From the material below, set down exactly the lines that run from the one containing "Systems and methods" to the one containing "A picture of", minus the pictures.

Given entries ::
* * * * * * * * *

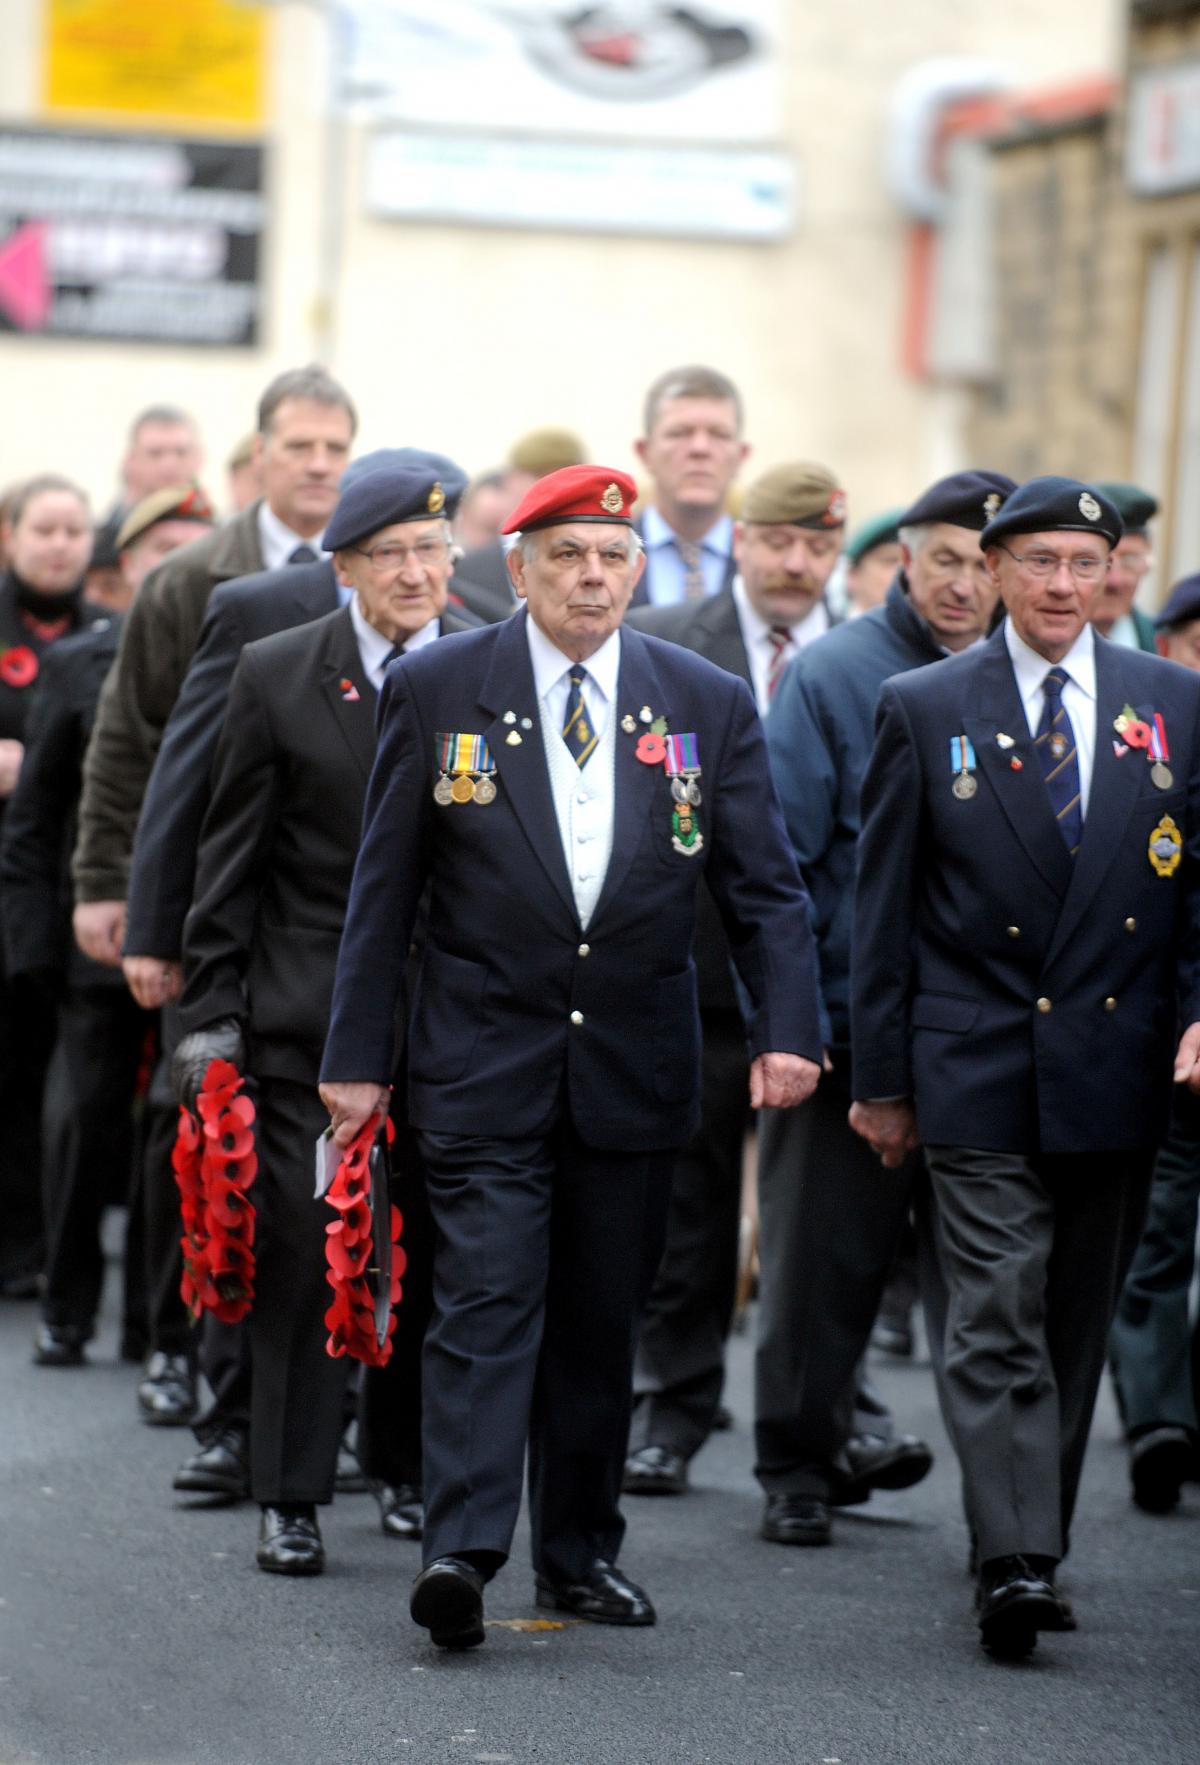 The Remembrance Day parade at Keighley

* * * * * * * * *

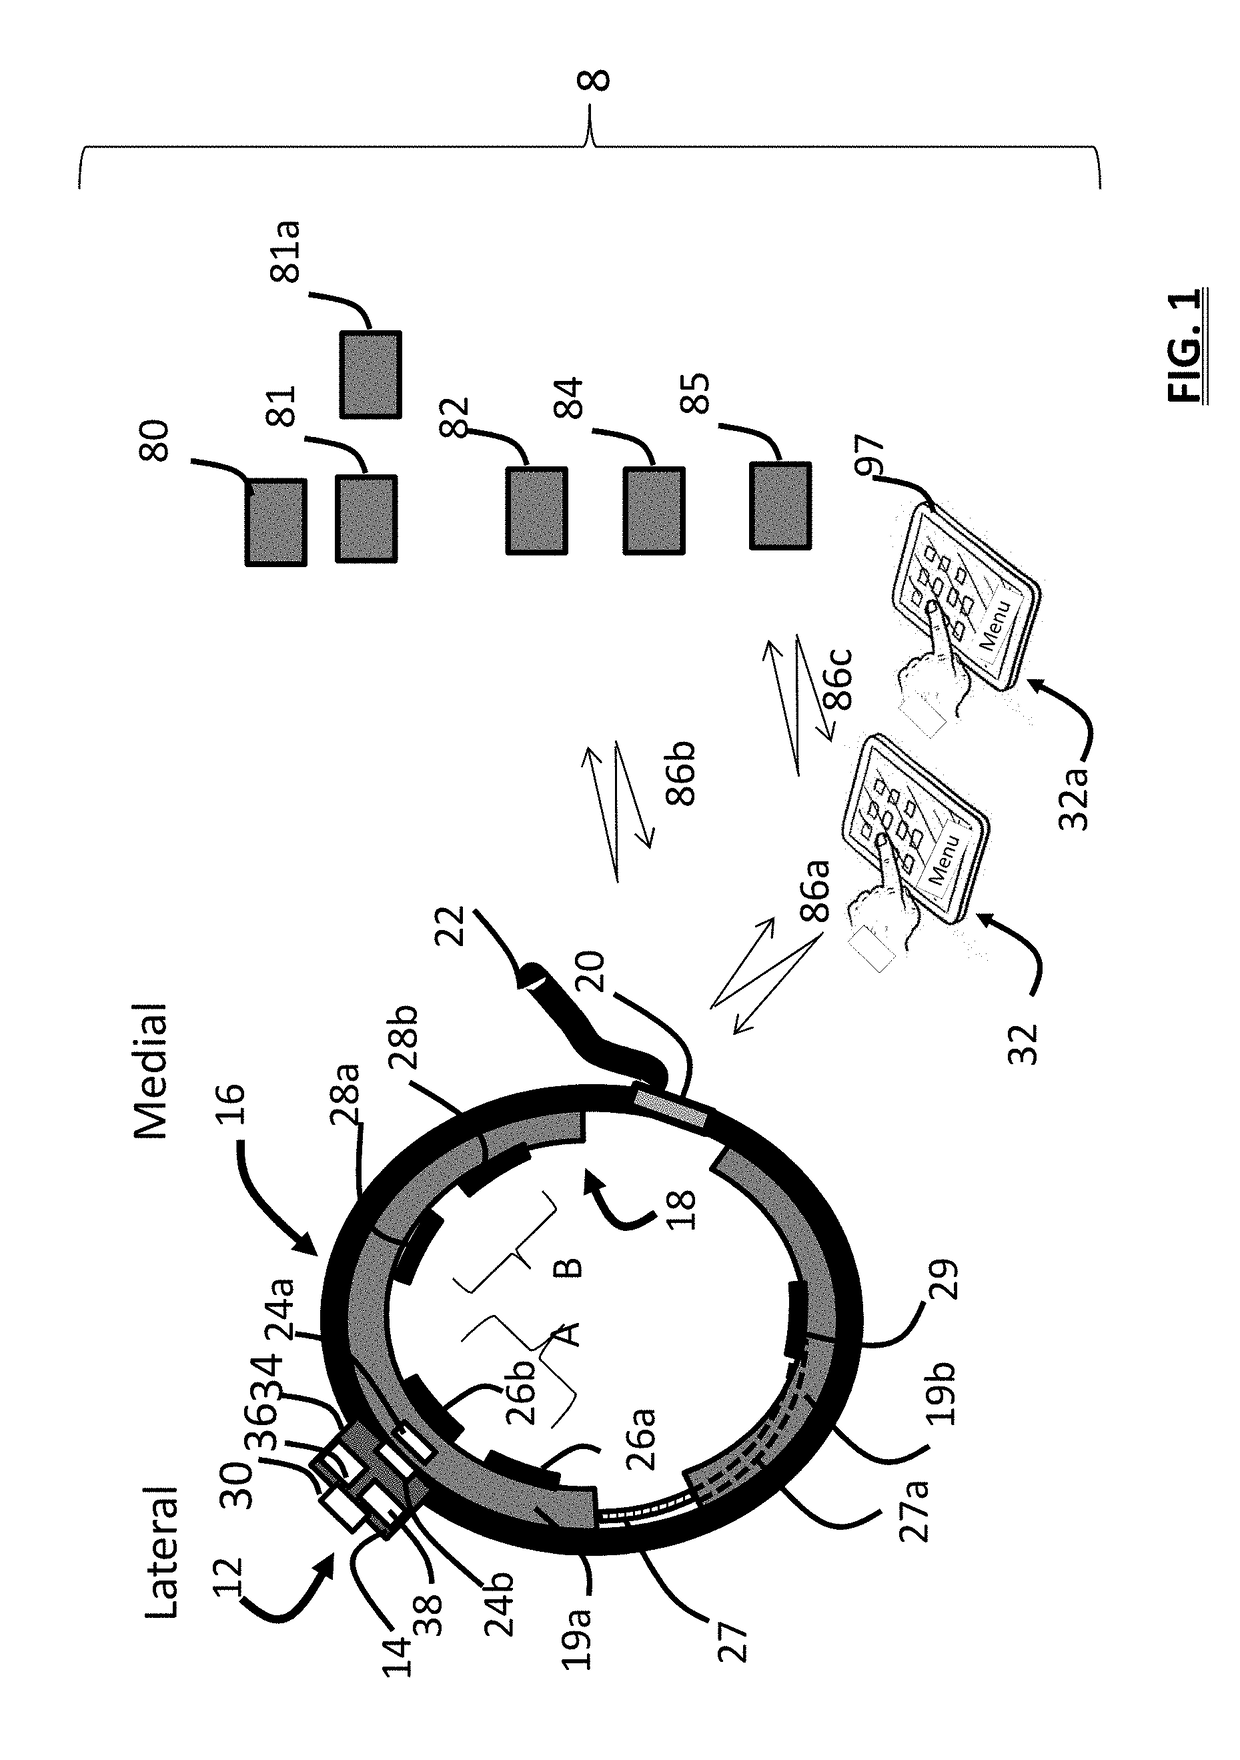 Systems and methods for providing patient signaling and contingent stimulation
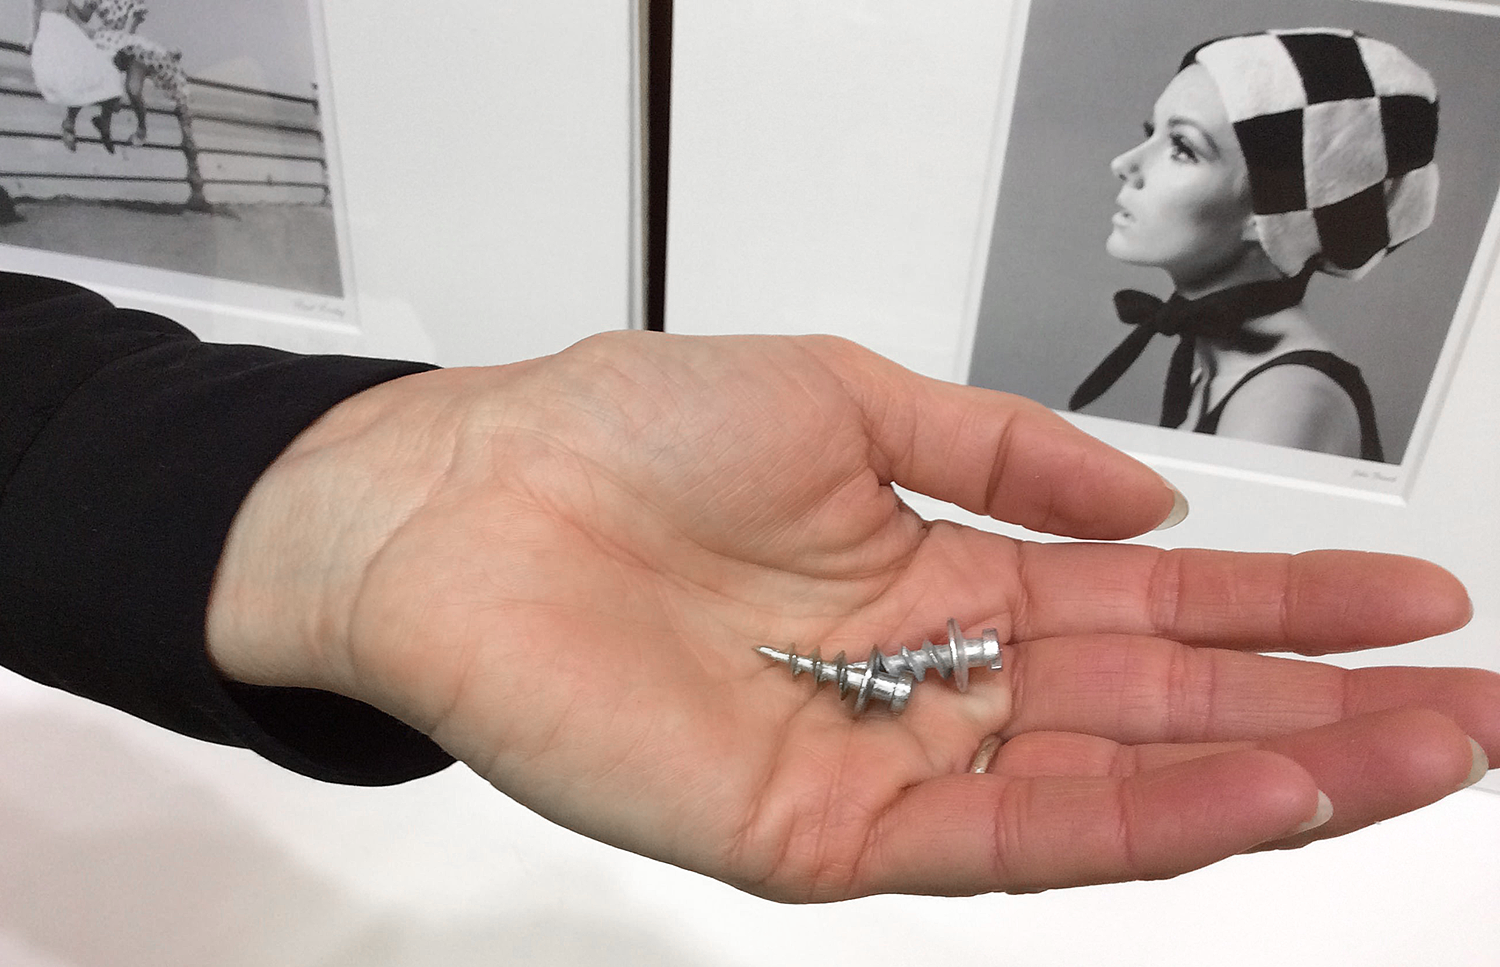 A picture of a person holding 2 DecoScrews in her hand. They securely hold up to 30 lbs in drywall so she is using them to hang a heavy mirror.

* * * * * * * * *

Exercise solution ::
 Systems and methods for providing patient signaling and contingent stimulation
 A picture of a person holding 2 DecoScrews in her hand. They securely hold up to 30 lbs in drywall so she is using them to hang a heavy mirror.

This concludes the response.